这比 OP 稍微快一点，但仍然有些 hacky：

def replace2(originalM) :
    m = originalM.copy()
    for v in m :
        idx = 0
        for (key,n) in ( (key, sum(1 for _ in group)) for (key,group) in itertools.groupby(v) ) :
            if key and n>=3 :
                v[idx:idx+n] = 2
            idx += n
    return m

%%timeit
replace_runs(arr, 1, 3)
10000 loops, best of 3: 61.8 µs per loop

%%timeit
replace2(arr)
10000 loops, best of 3: 48 µs per loop

- usual me

0

toine的卷积方法也是一个不错的选择。基于这些答案，你可以使用groupy来得到你想要的。

from itertools import groupby, repeat, chain
run_length = 3
new_value = 2
# Groups the element by successive repetition
grouped = [(k, sum(1 for _ in v)) for k, v in groupby(arr[0])]
# [(0, 2), (1, 4), (0, 2), (1, 2), (0, 1), (1, 3)]
output = list(chain(*[list(repeat(k if v < run_length else new_value, v)) for k, v in grouped]))
# [0, 0, 2, 2, 2, 2, 0, 0, 1, 1, 0, 2, 2, 2]

你只需要对 arr 中的每一行进行操作。如果你想要更高效，可以根据自己的需求进行调整（例如删除列表创建）。

使用我在链接答案中提供的 Paul 的示例，你可以按照以下方式进行操作：

import numpy as np
new_value = 2
run_length = 3
# Pad with values outside the possible values
diff = np.concatenate(([2], np.diff(arr[0]), [-1]))
# Get the array difference (every number substracted from the preceding)
idx_diff = np.where(diff)[0]
# Get values where groups are longer than 2 and value is 1
idx = np.where((np.diff(idx_diff) >= run_length) & arr[0][idx_diff[:-1]])[0]
# Set every group to its new value
for i in idx:
    arr[0][idx_diff[i]:idx_diff[i+1]] = new_value

这只是一个思路。使用这种方法，可以在一次运行中完成整个矩阵，并直接修改数组，这应该是有效的。对于这个想法的原始状态，我感到很抱歉。希望它能给你启示。一个好的加速提示是删除for循环。
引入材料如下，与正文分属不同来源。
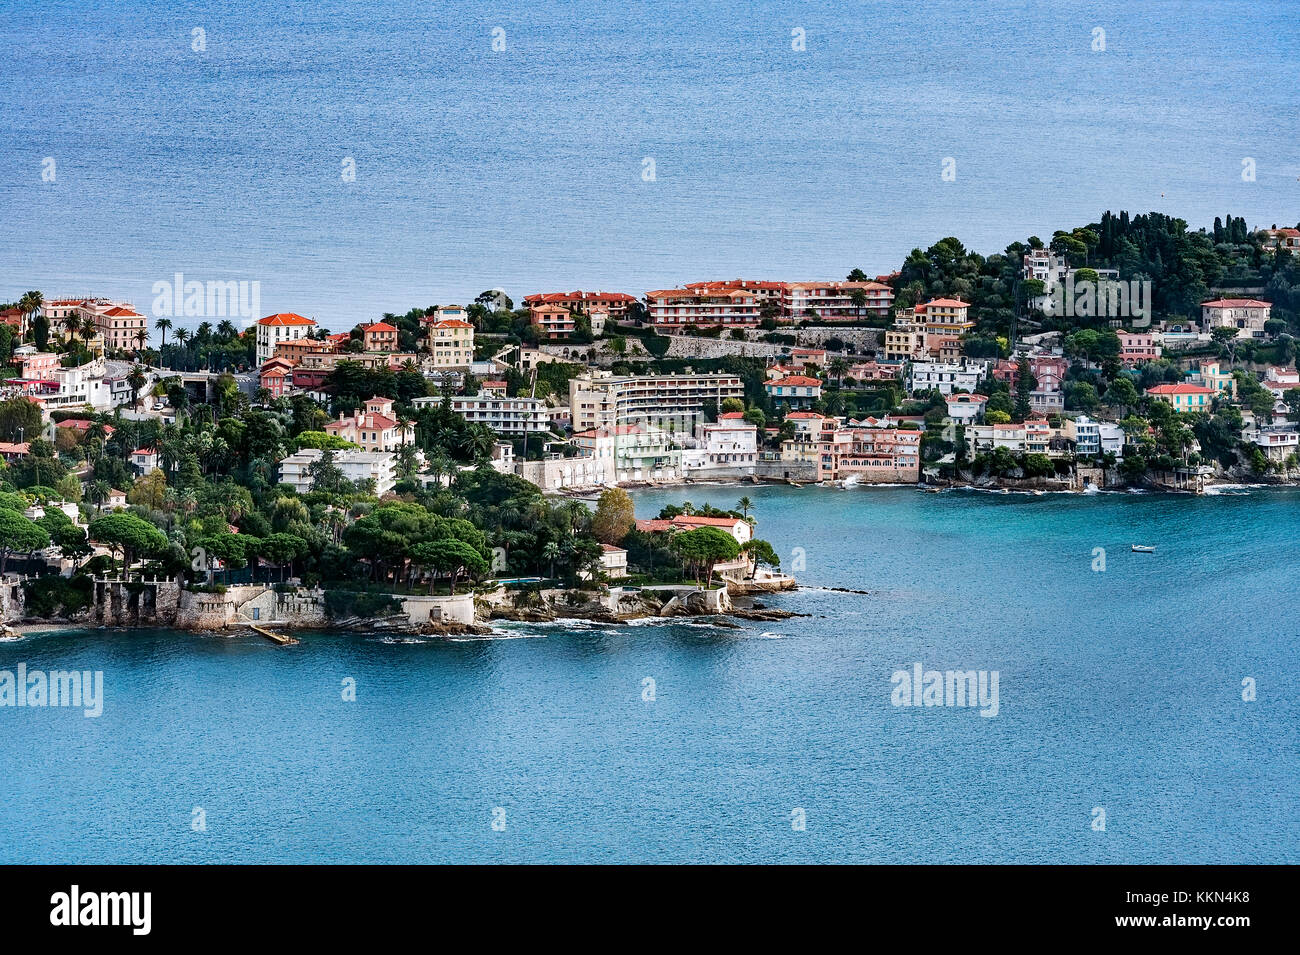 Luftaufnahme der französischen Gemeinde Saint Jean Cap Ferrat, Côte d'Azur, Côte d'Azur, Frankreich, Europa. Stockfoto
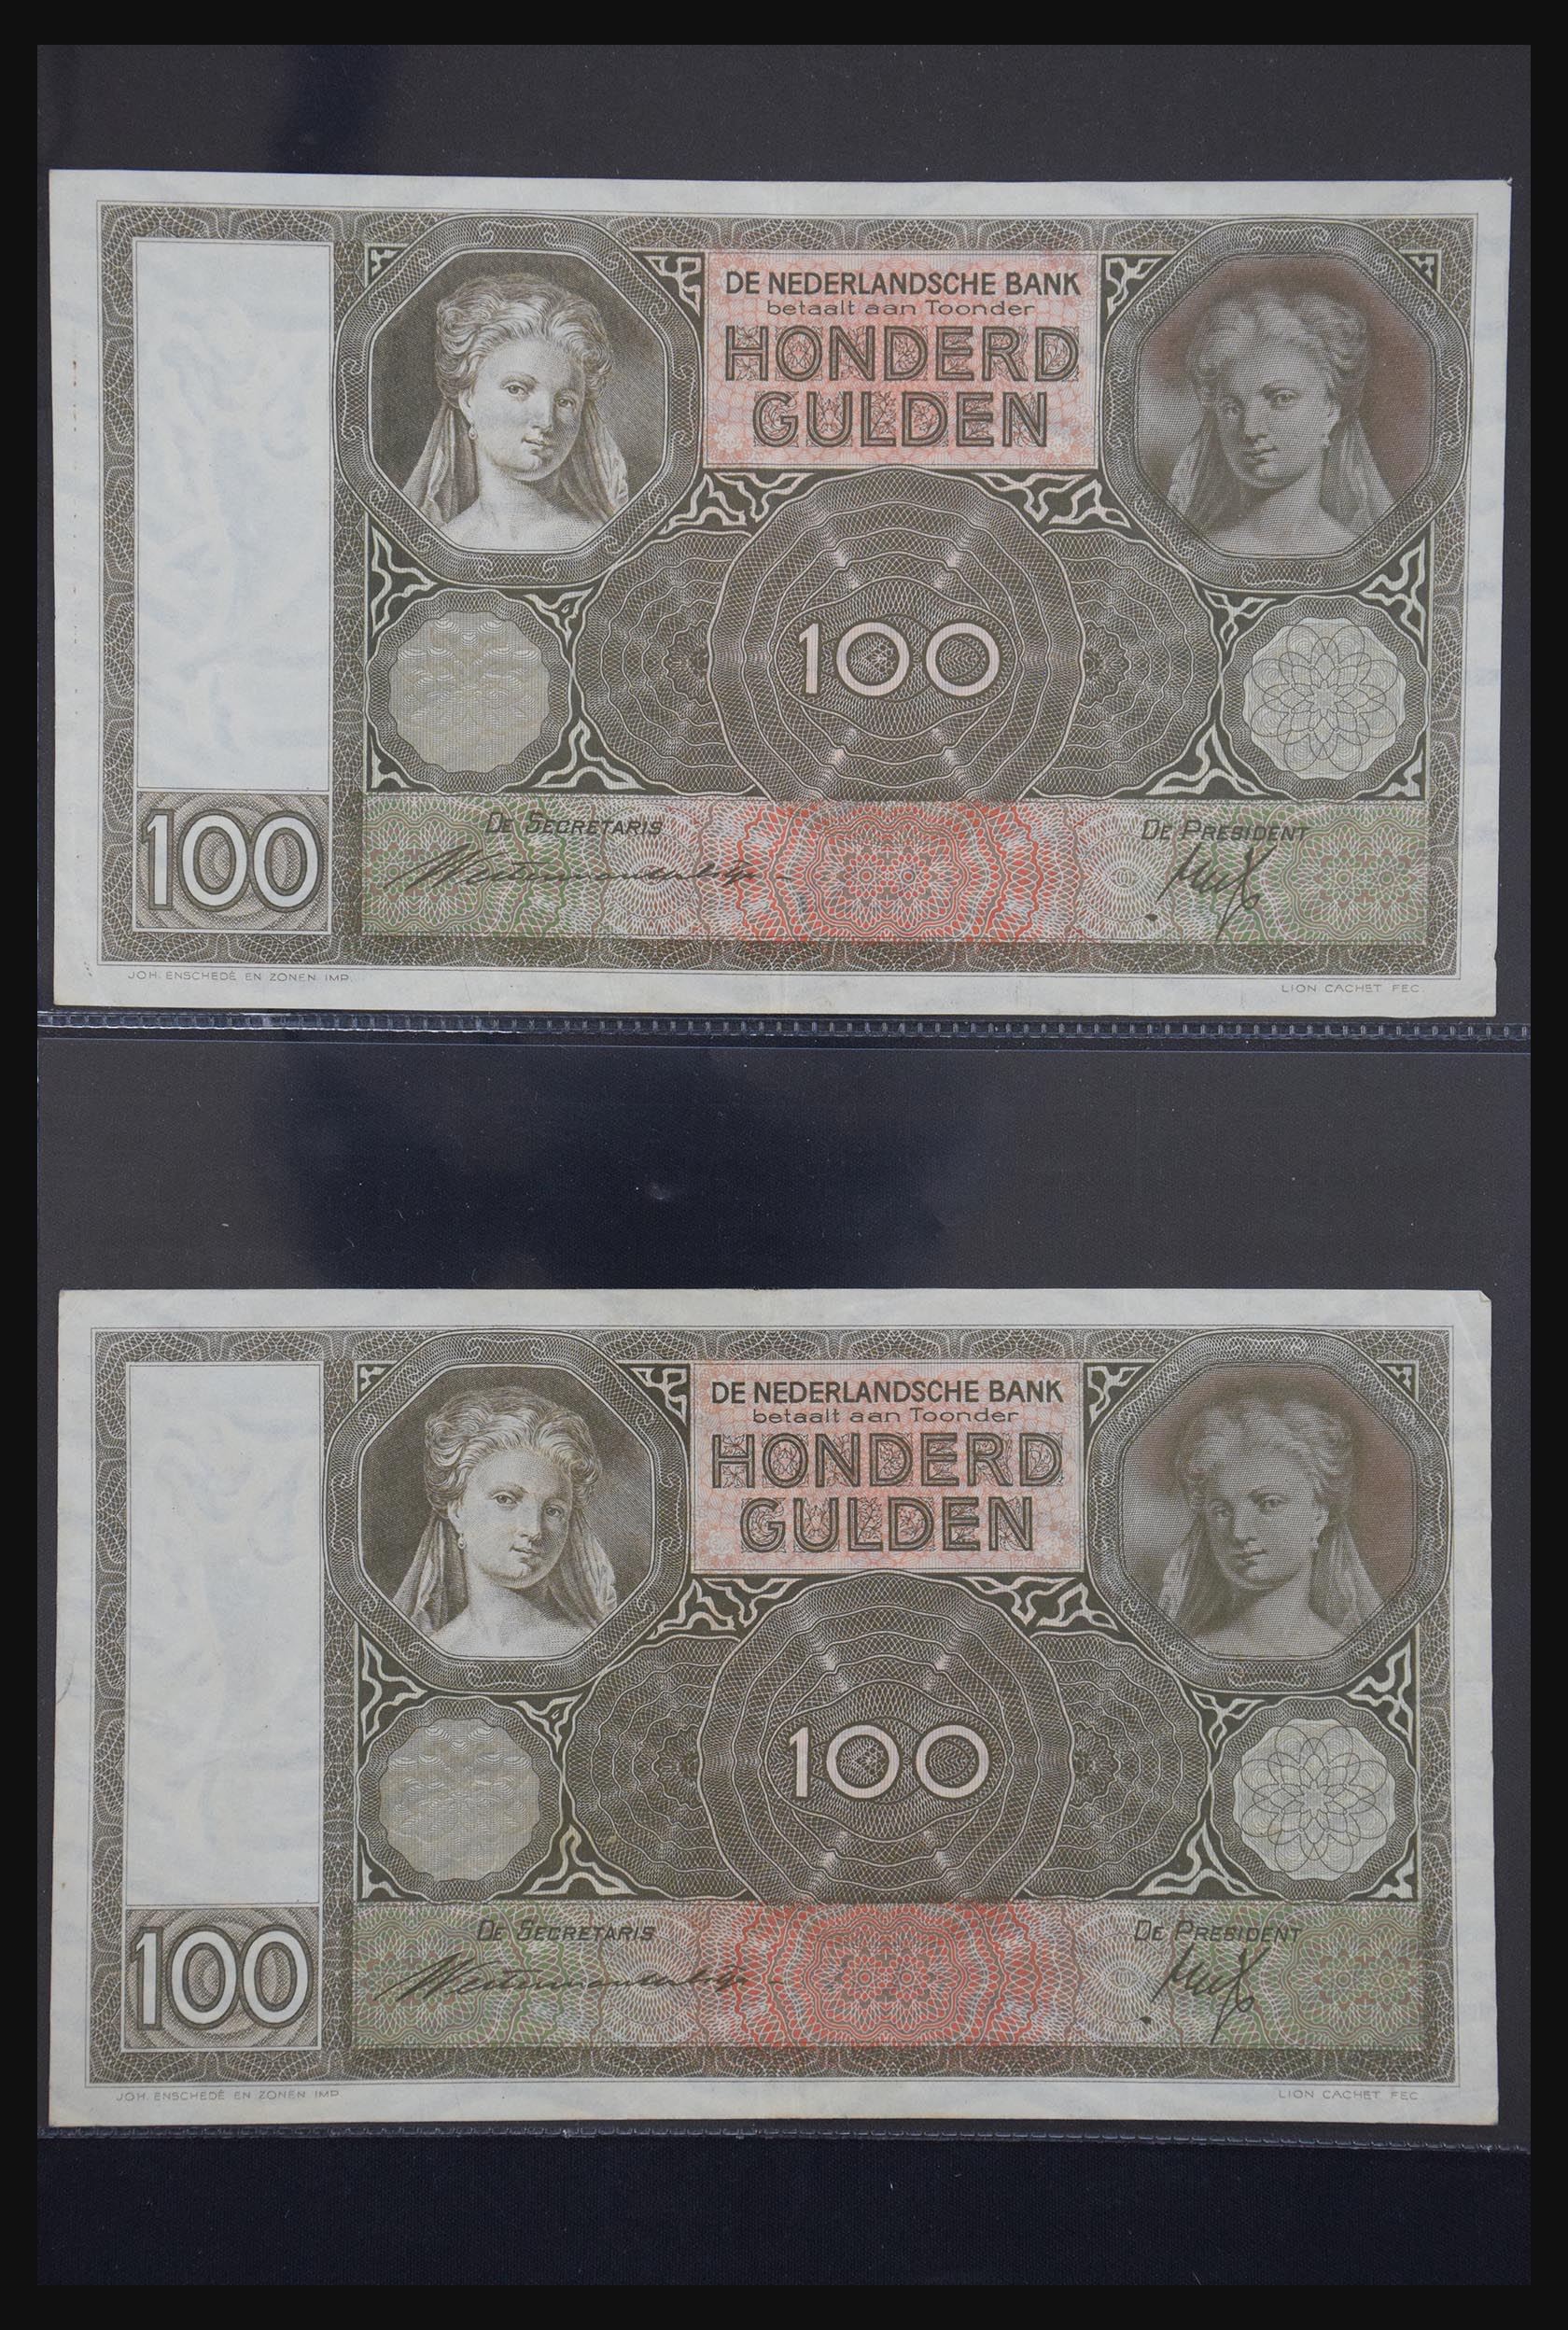 29404 043 - 29404 Netherlands banknotes 1924-1997.

当然，如果你想为了清晰而牺牲清晰度，那么这就是一个选择。在我的看法中，在Python中，你想快速地原型化想法时，很少会出现这种情况。如果你有一个已经被证明正确且必须快速的算法，请用C（或Cython）编写它，并在你的Python程序中使用它（使用ctypes或CFFI）。

- Soravux

网页内容由stack overflow 提供, 点击上面的

可以查看英文原文，
原文链接

- toine · Accepted Answer

使用卷积进行模式匹配:

def replace_runs(a, N, replace = 2):
    a_copy = a.copy()
    pattern = np.ones(N, dtype=int)
    M = a_copy.shape[1]

    for i, row in enumerate(a_copy):
        conv = np.convolve(row, pattern, mode='same')
        match = np.where(conv==N)

        a_copy[i][match]=replace
        a_copy[i][match[0][match[0]-1>0]-1]=replace
        a_copy[i][match[0][match[0]+1<M]+1]=replace
    return a_copy

新的 replace_runs 比原版慢了3倍，但可以检测到一些特殊情况（例如所提出的基于字符串的方法）。

在我的机器上：

原版 replace_runs：100000 次迭代花费了 12.792 秒。

变体 replace_runs：100000 次迭代花费了 33.112 秒。